Growth and Scaling Downfalls – Part IV

Growth and Scaling Downfalls – Part IV

In the previous post “Growth and Scaling Downfalls – Part III” we discussed strategy aspects of a scaling project. The next topic on the scaling preparation “to do” list is measuring success and failure.

Scaling and growth both depend a great deal on experimentation: be it at tactical level deciding who will do what to strategic level defining success or failure. That being said that kind of decision making naturally requires a great deal of analysis; qualitative or quantitative.


Data driven quantitative analysis is or should be the basis of virtually all business decisions. Though an established field, the quantity of data that has been previously inaccessible or impractical for usage has changed the field. The same quantity of the data sets that are now available have also created several other side effects for small and mid-size organizations; ranging from increased cost for proper analysis to “analysis paralysis”. Hence, the usage has to be defined in terms of practicality: both the collection and analysis of data have to be defined within the context of cost and impact.

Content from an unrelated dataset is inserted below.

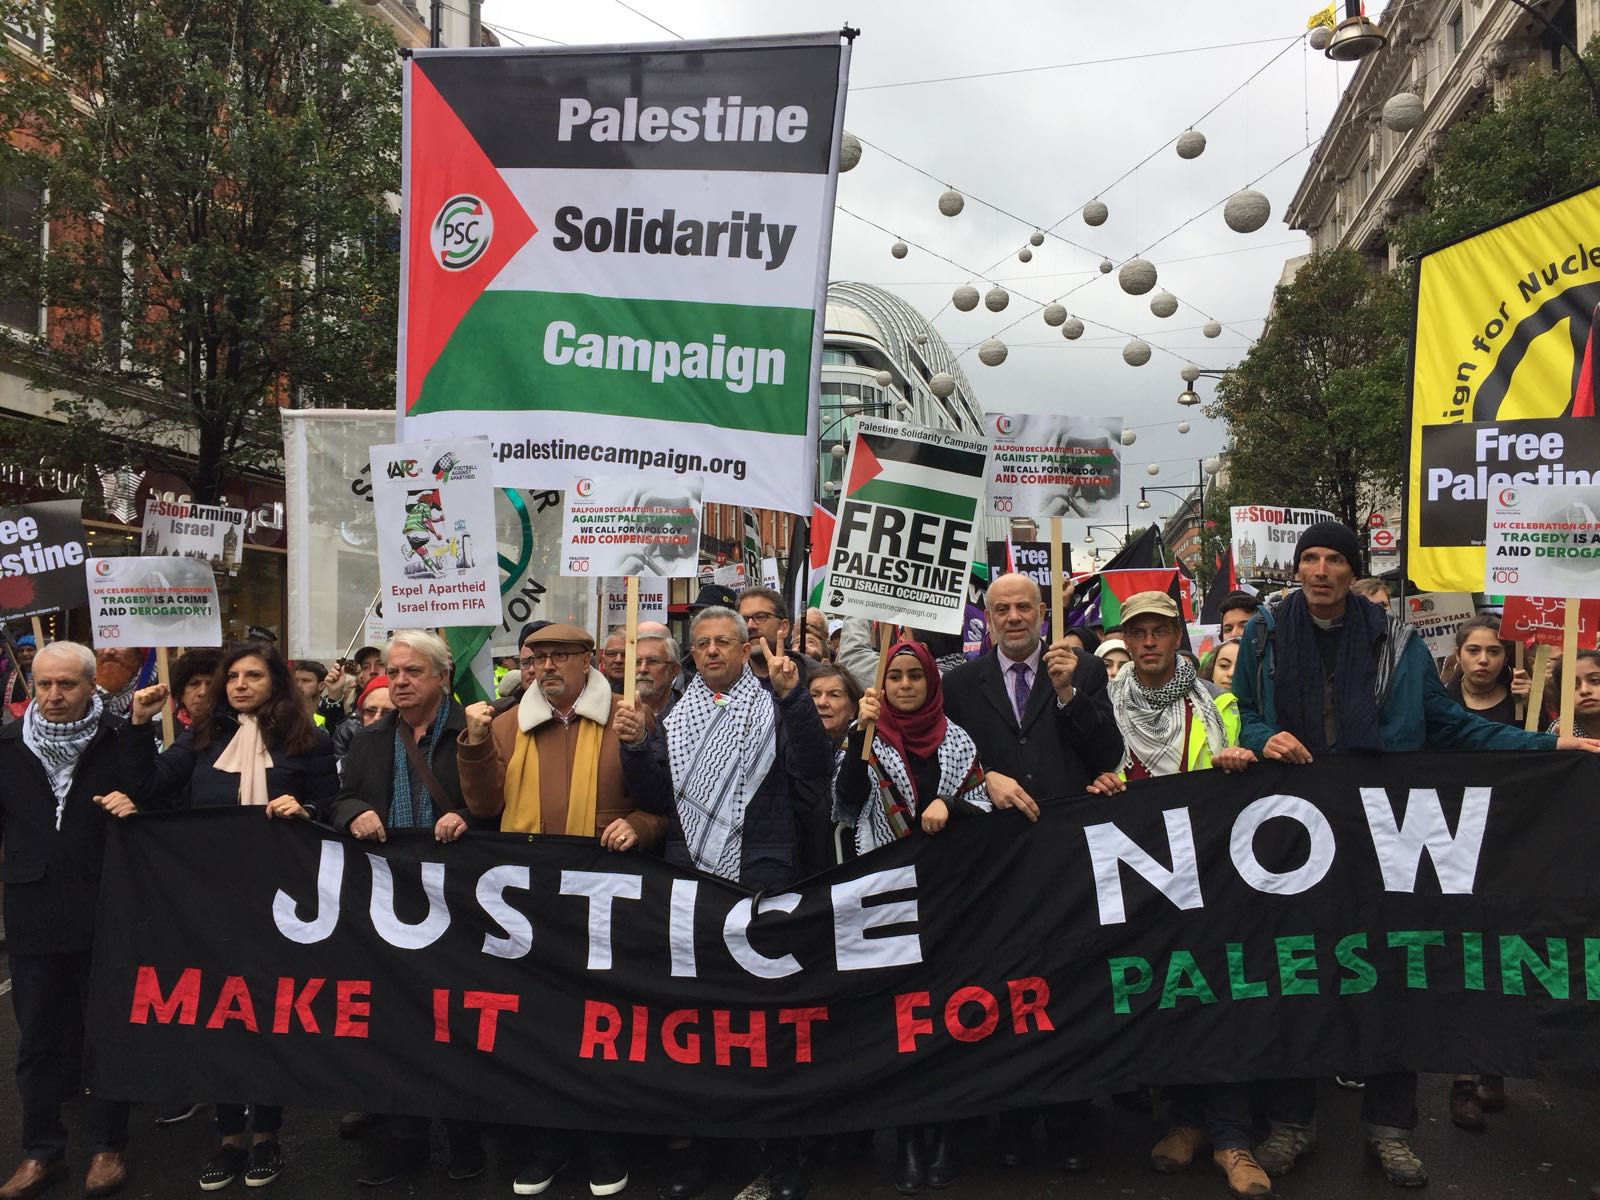 Londoners mark 100 years since Balfour Declaration in a protest to recognise the on-going oppression of Palestinians and calling for an apology from the British government, in London on November 4, 2017
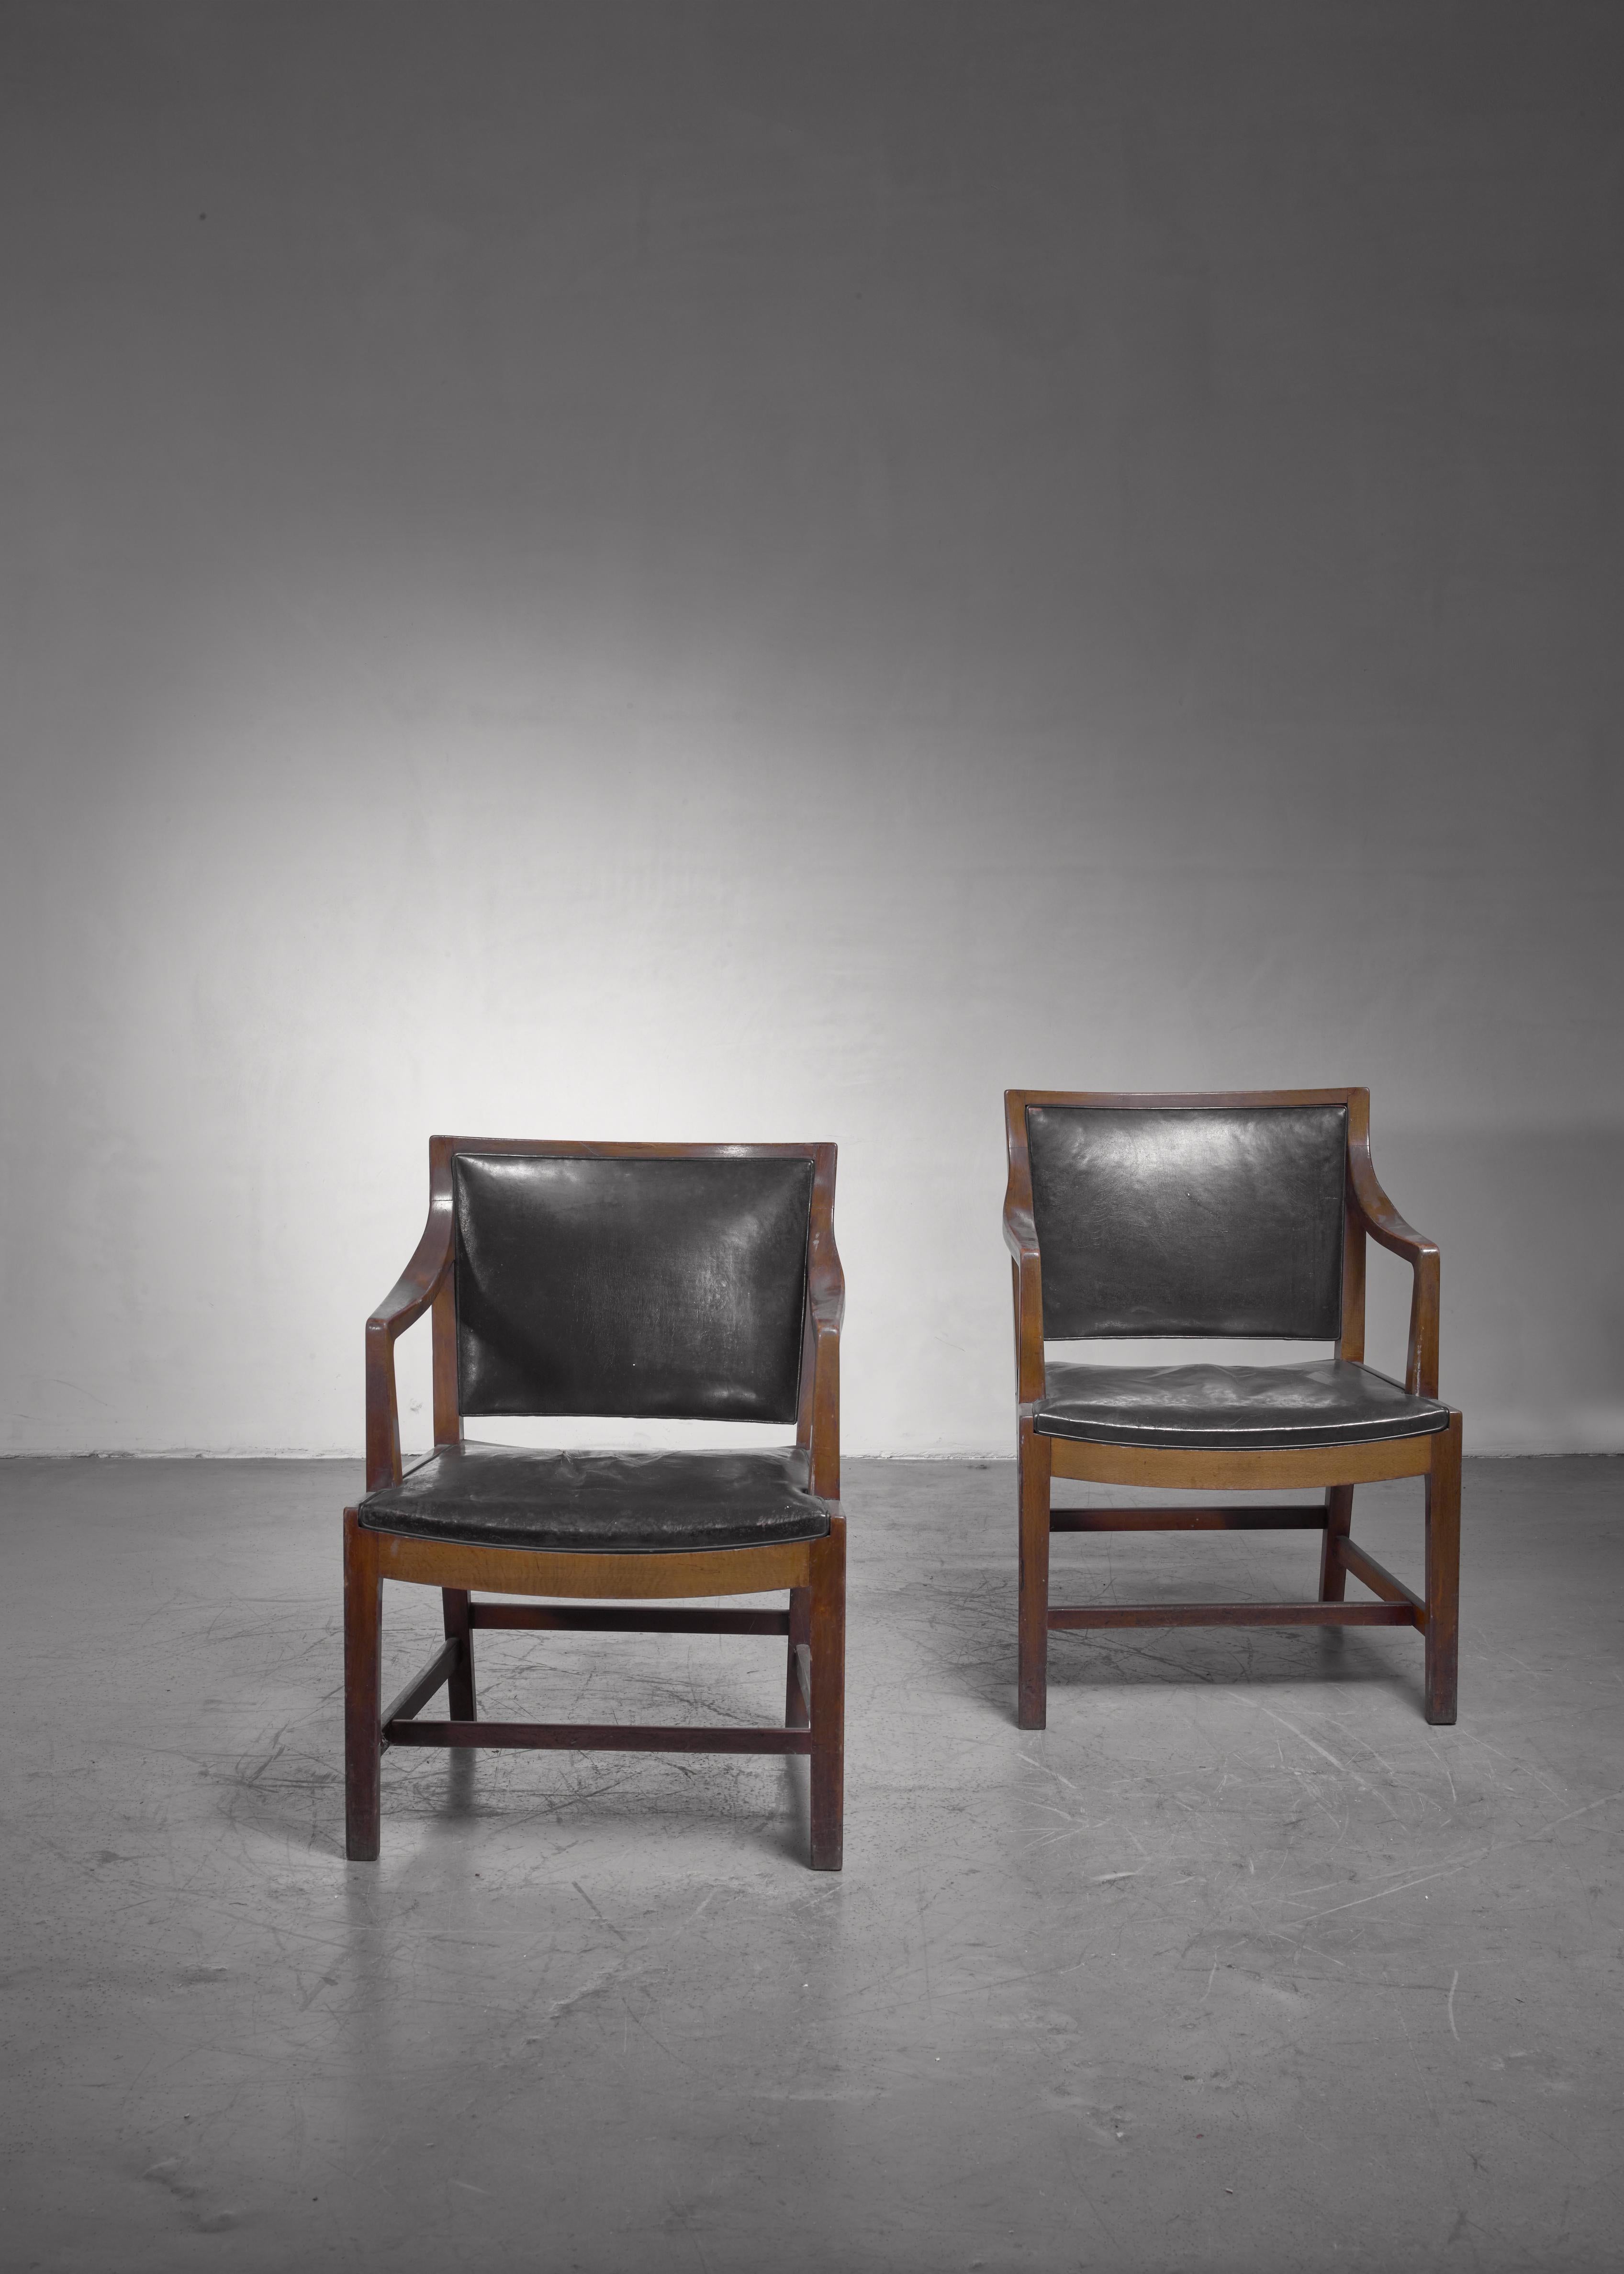 A rare pair of armchairs made of stained beech, upholstered with a dark green leather. These chairs were designed for and used on the Kronprins Frederik ferry (built 1941), which was furnished by Fisker. The model was later also used on the Kong

In a previous discussion about decision making we discussed the usage of qualitative decision making. Those parameters previously discussed i.e. strong pattern recognition as part of the qualitative decision making are particularly applicable when it comes to growth and scaling. In practical terms it translates to a combination of using practical experiences both industry related as well as general business experiences to decide on both tactical and strategic level: the industry know-how combined with generic business experience will provide the sort of “umbrella” coverage that will leave little room for “guessing”.

On the front line

Interestingly enough there are some unique aspects to data usage when it comes to scale and growth: though the basic methodology of collection and analysis is the same, the decision making direction should entail a more dynamic version of “bottom to top” or “top to bottom”: Micro decisions vs. Macro decisions: 

Micro decisions:

When it comes to scaling and growth, micro decisions made in the “bottom to top” model are substantially more beneficial: front line experiences and nuances that may be unknown or unpredictable dictate a great deal of the success needed to build on. Those nuances, irrelevant from the cause, cannot and should not be decided on from the “top” in order to avoid long decision making process as well as preventing the systematic delay and discouragement of the front line teams.

Macro decisions:

Much like the micro decisions impact, macro decisions can equally benefit from procedural input from frontline, with one major difference: macro decisions may have additional considerations that may or may not be obvious to those at the front line. To mitigate that, a dynamic approach that includes compartmentalized decisions combined with a horizontal feedback loop should be sufficient. 

What does it all mean?

When it comes to growth and scaling projects, the decision making in terms of success or failure is equally science and art. The traditional data based decision making models may have to be adjusted to account for the unique nature of extensive trial and error that are inherit in growing or scaling a business. 

Revisiting the old adages that “there are no right or wrong decisions, only trade offs” would dictate an individualized approach that would preferably include a mixture of input and dynamic actions that are non-traditional yet inclusive of virtually all level of the organization.